Question

The value of \[{K_f}\] for water is 1.86$kJmol^{-1}$, calculated from glucose solution. The value of \[{K_f}\] for water calculated from \[NaCl\] solution will be:
A. = $1.86$ $kJmol^{-1}$
B. < $1.86$ $kJmol^{-1}$
C. > $1.86$ $kJmol^{-1}$
D. Zero

Answer 1

Hint: The value of \[{K_f}\] is related to that of freezing point depression. Freezing point depression of a solution can be described as the phenomenon of decrease in the freezing point of a pure solvent in addition to solute in the solvent. Freezing point depression is a colligative property that means it will depend upon the concentration of solute in the solvent, but independent of quantity and identity of solute.

Complete answer:
Let us first understand why the freezing point depression of water occurs.
When water freezes, water is converted into ice which has characteristic hydrogen bonding. The hydrogen bonding in ice leads to the formation of hexagonal shaped molecular networks. When a water-soluble solute is added to water, the solute starts dissolving in the water. This leads to the breaking of particle arrangement in the solvent. Because of this, to freeze water more energy will be needed to remove form water molecules to become ice. This results in a decrease in the freezing point of water.
The molality of the solution formed by solute and solvent is related to that of the freezing point depression of the solvent. The freezing point depression is directly proportional to that of the molality of that solution.
\[\vartriangle {T_f} = {K_f} \times m\]
The value of \[\vartriangle {T_f}\] is freezing point depression of the solvent and m is the molality of the solution.
The value of \[{K_f}\] is given, which is known as molal freezing point depression constant or simply freezing point depression constant. The value of freezing point depression constant can be considered as the change that is taking place in the freezing point of 1-molal solution when a non-volatile solute is dissolved in it.
The value of \[{K_f}\] for water is $1.86$ $kJmol^{-1}$.
When glucose is dissolved in water and the freezing point depression is calculated for the solution, it will be $1.86$ $kJmol^{-1}$. The value of \[{K_f}\] for water will remain $1.86$ $kJmol^{-1}$ on dissolving \[NaCl\] or sodium chloride in the water. This value is unique for water and it will remain the same for any solution of water as it is a constant.

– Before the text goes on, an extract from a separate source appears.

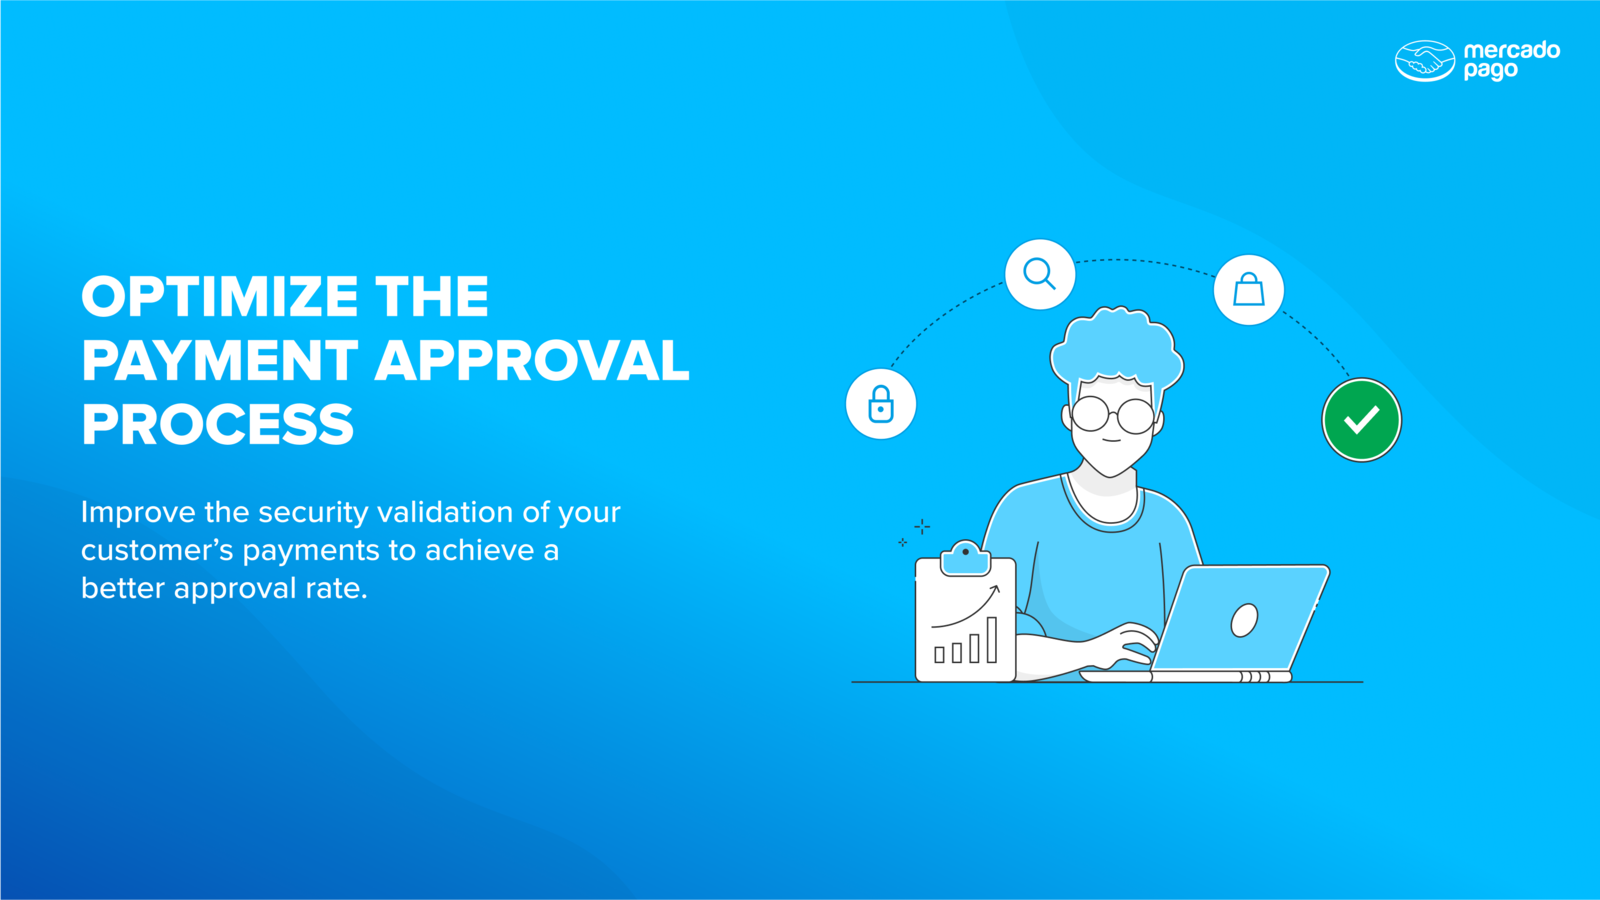 Optimize the payment approval process

Hence, option (A) is the correct option.

Note:
The concept of vapour pressure can be used to explain the freezing point depression of a pure solvent. According to Roults’ law, the vapour pressure will also decrease when a solute is added to the solvent and it disrupts the particle arrangement in that solvent.
Freezing point depression of a solvent can also be calculated using the following formula.
\[\vartriangle {T_f} = i \times {K_f} \times m\]
\[\vartriangle {T_f}\] is freezing point depression of the solvent
\[i\] is Van’t Hoff factor
\[{K_f}\] is freezing point depression constant
m is molality of the solution